An additional source of data to calibrate forecast models for the forthcoming general election this time around is the sudden abundance of constituency level polls, almost exclusively thanks to Lord Ashcroft. This undoubtedly is an awesome resource, but there’s at least two problems:
- Some of them must be inaccurate, writes Stephen Tall: On the basis that 1 in 20 statistical tests will produce an error if we choose a 5% level of significance, so 1 in 20 polls, statistically speaking, must be wrong. Hence with close on 200 constituency polls thus far, at least 9 must be wrong – which ones, though?
- How do we calibrate constituency polls into forecast models? In order to do so, we need some historical precedent – a previous election, for example.
As with Stephen Tall’s article, I don’t wish to reduce the importance of, and the welcome addition of Ashcroft’s polls. However, I do wish to try and dig a little deeper into both of these questions.
The only historical precedent we have for Ashcroft’s polls are by-elections, where we know the outcome. Wikipedia’s page on constituency polling, which can with a little bit of pain be turned into a use-able spreadsheet, and marshalled for this purpose.
There have been six by-elections for which constituency polling was carried out in this parliament: Clacton, Eastleigh, Heywood and Middleton, Newark, Rochester and Strood, and Wythenshawe and Sale East. For these by-elections we can plot the opinion poll vote share against actual vote share each party received in the by-election.
The 45-degree line represents a polling ideal: opinion poll vote shares are exactly equal to outcomes. Clearly this is unrealistic for every poll, but pollsters must aim to be near to this line, assuming voting intent does not change between the polling date and election date.
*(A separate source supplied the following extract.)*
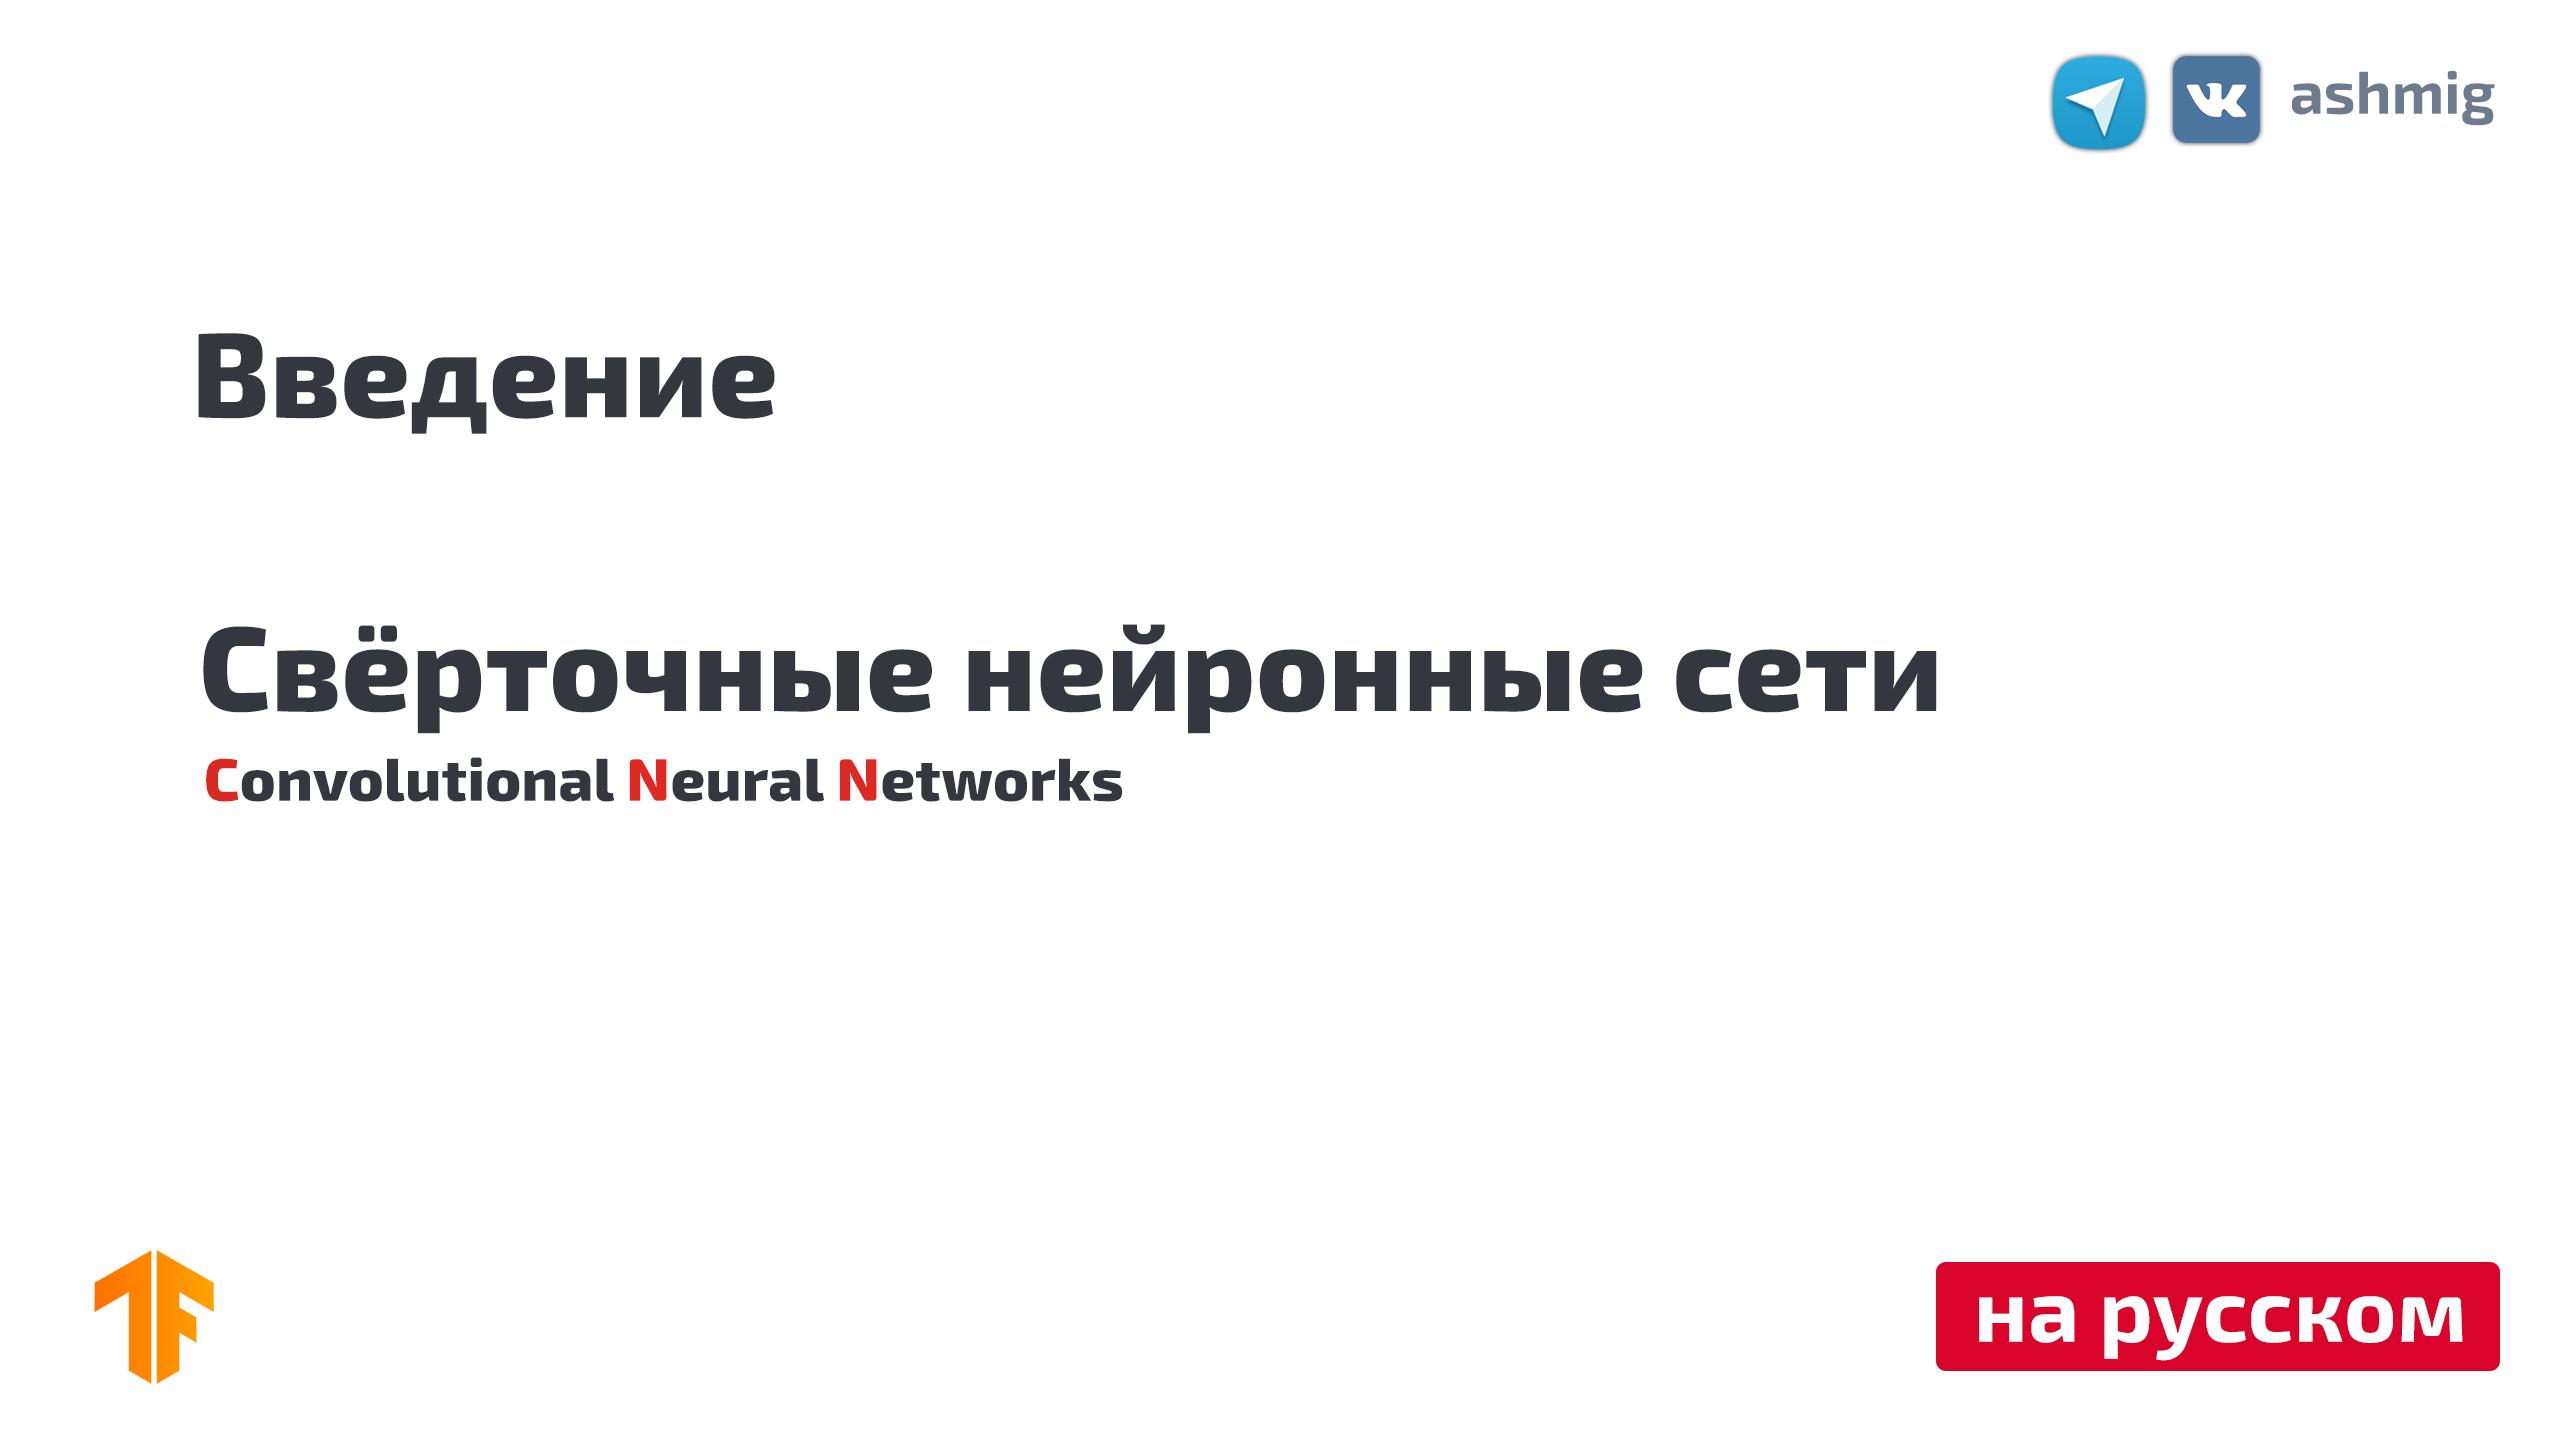 Публикации / Закладки / Профиль zaleslaw / Хабр

Points above the line show that a party got more votes on election day than they were polled to, while points below suggests they got fewer.
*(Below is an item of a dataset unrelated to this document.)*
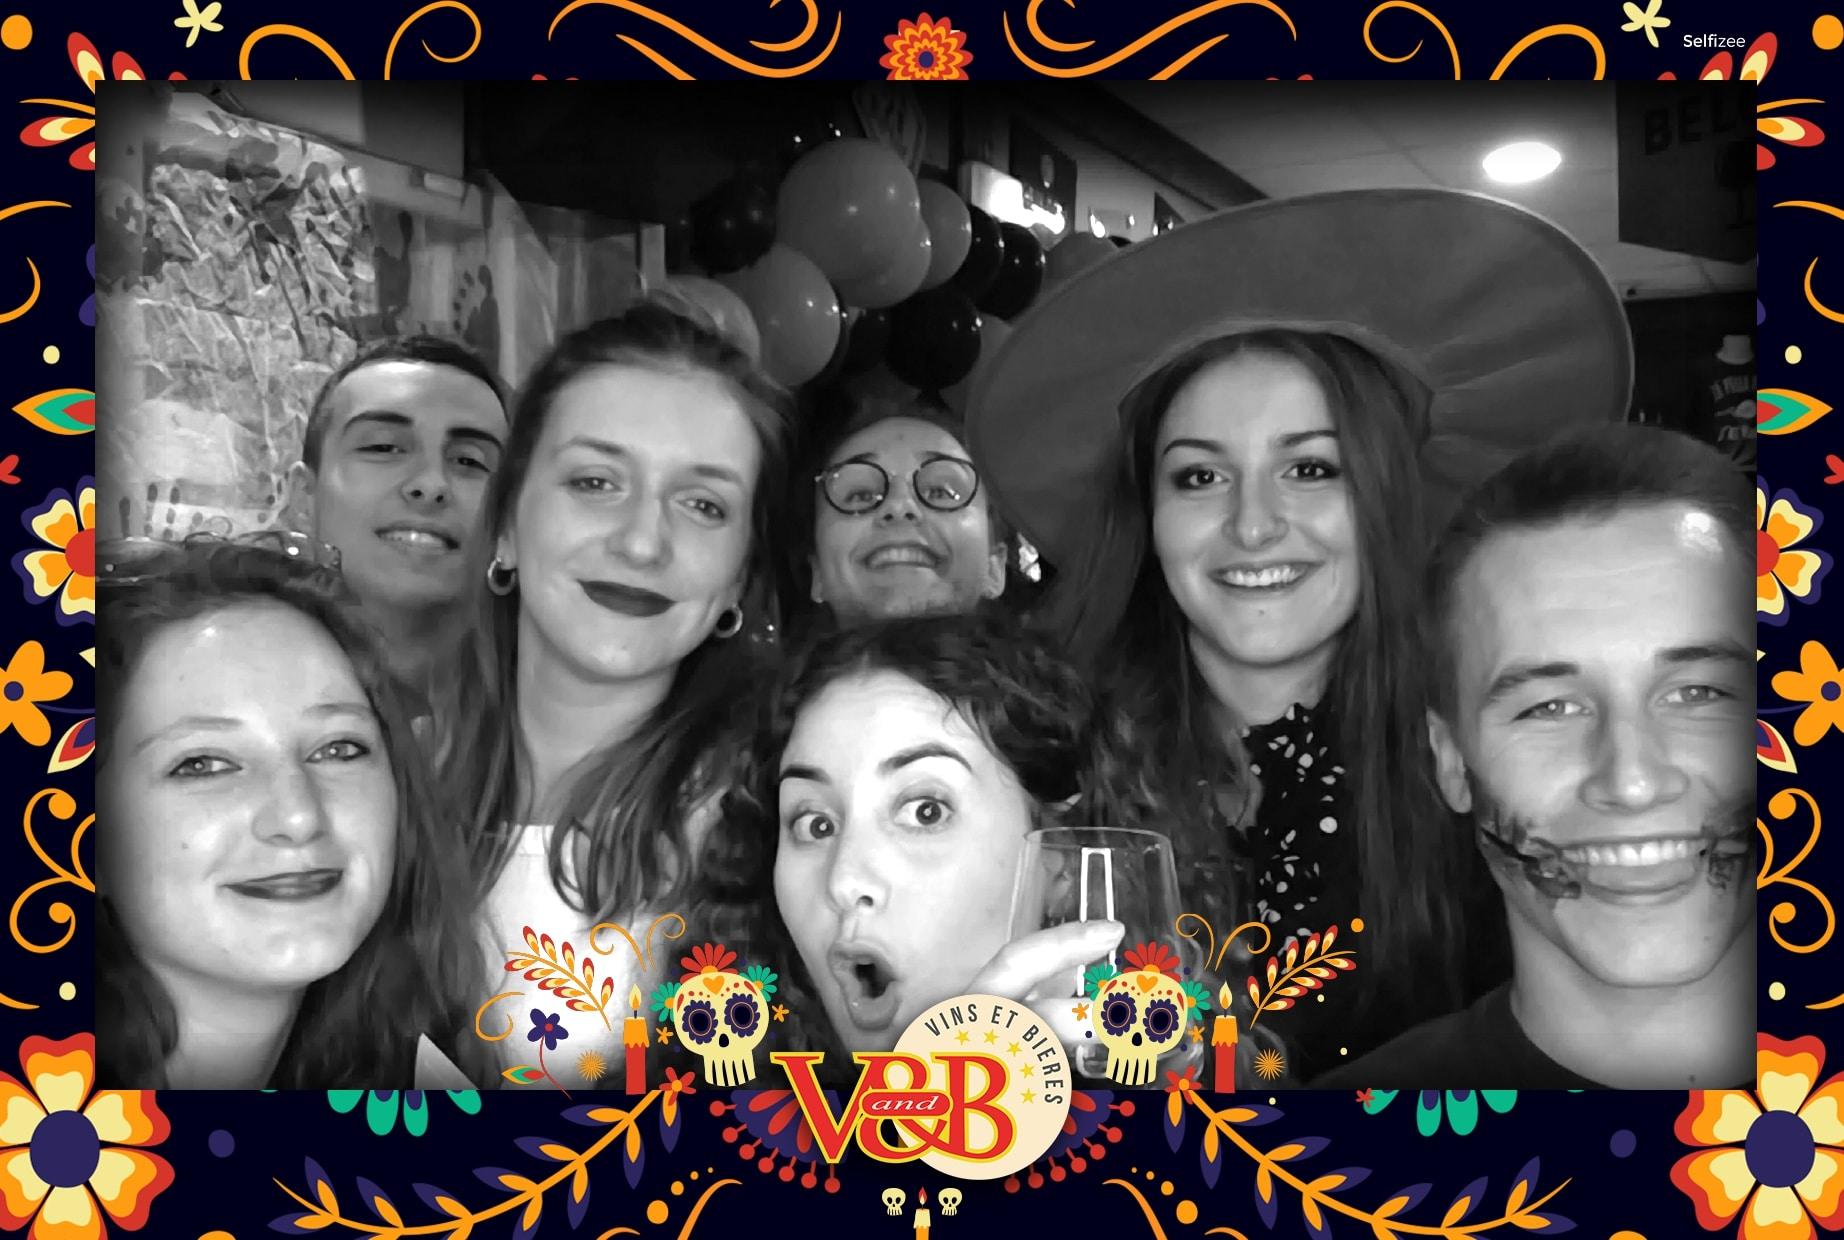 Borne selfie animation photo soirée Halloween au V and B Rochefort en 2019 - photobooth connecté avec imprimante à louer à Rochefort et en Charente Maritime

Plots are undoubtedly informative, but quantifying potential biases needs more serious statistical work; a linear regression of by-election vote shares on poll shares can reveal the extent to which polls may be biased towards or against particular parties.
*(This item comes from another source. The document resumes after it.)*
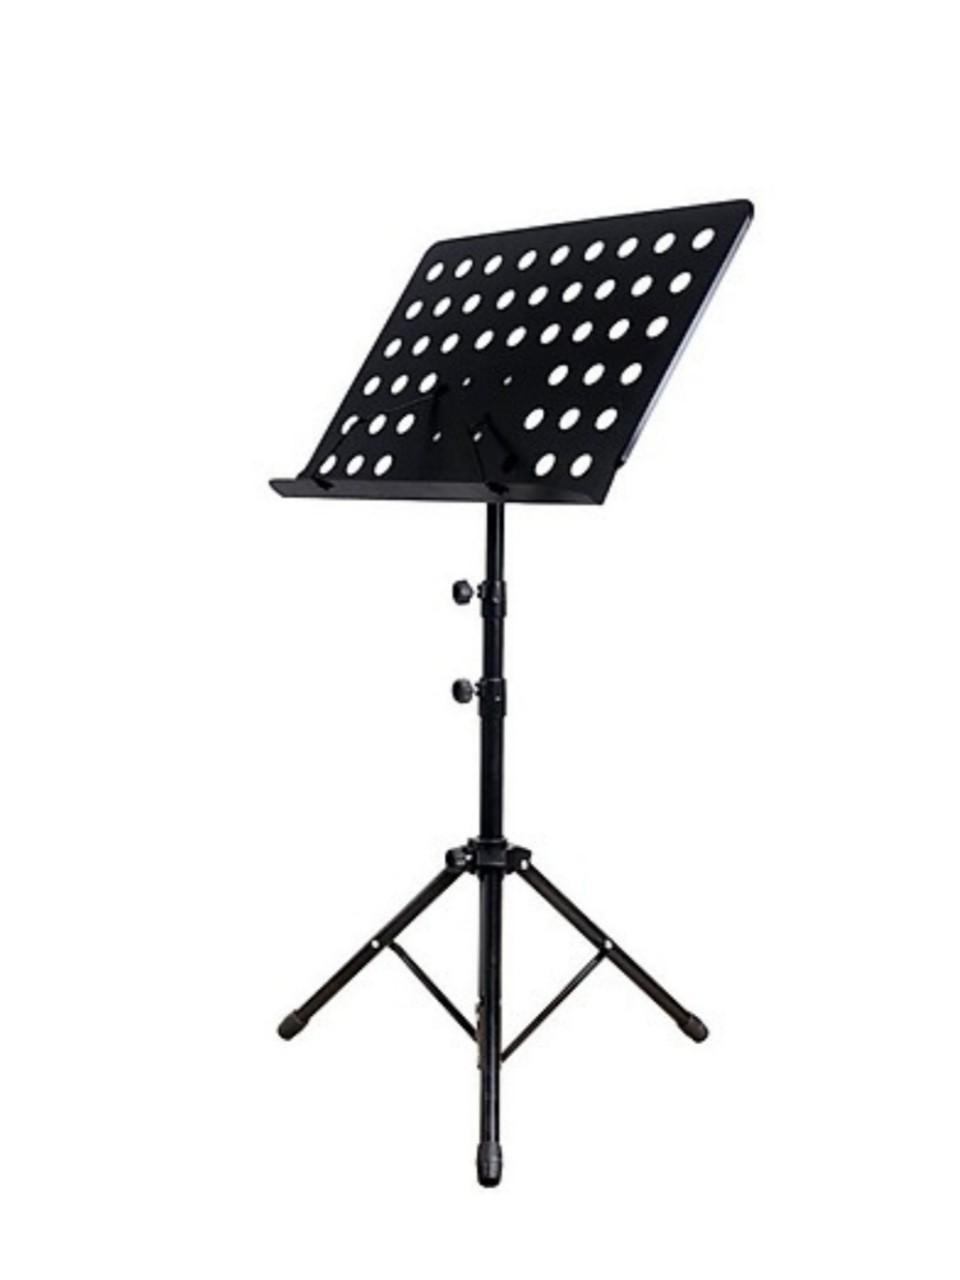 Giá đỡ bản nhạc - Giá 250k

The purple dots above the 45 degree line are indicative of a downward bias in polls for Ukip’s vote share; linear regression analysis shows that this is significant, and represents about six polling points: Ukip’s actual vote share in these by-elections was six points more than it was polled to get. Hence pollsters under-estimated Ukip support. Equivalently, Labour’s red dots are generally below the line; pollsters over-estimated Labour’s vote share by three points in these by-elections.
Now, to some extent, it can be argued by-elections are not representative of reality since they often constitute protest votes by fed up voters. And these two biases (the rest are insignificantly different from zero) definitely suggest a protest vote away from the major party (Labour) to the fringe party (Ukip). But were this to be the case, it should be that pollsters pick up this sentiment when polling likely voters?
Nonetheless, this mini-analysis does suggest that, by and large, constituency polling is accurate – deviations from the 45-degree line are marginal at best (except for Labour and Ukip)…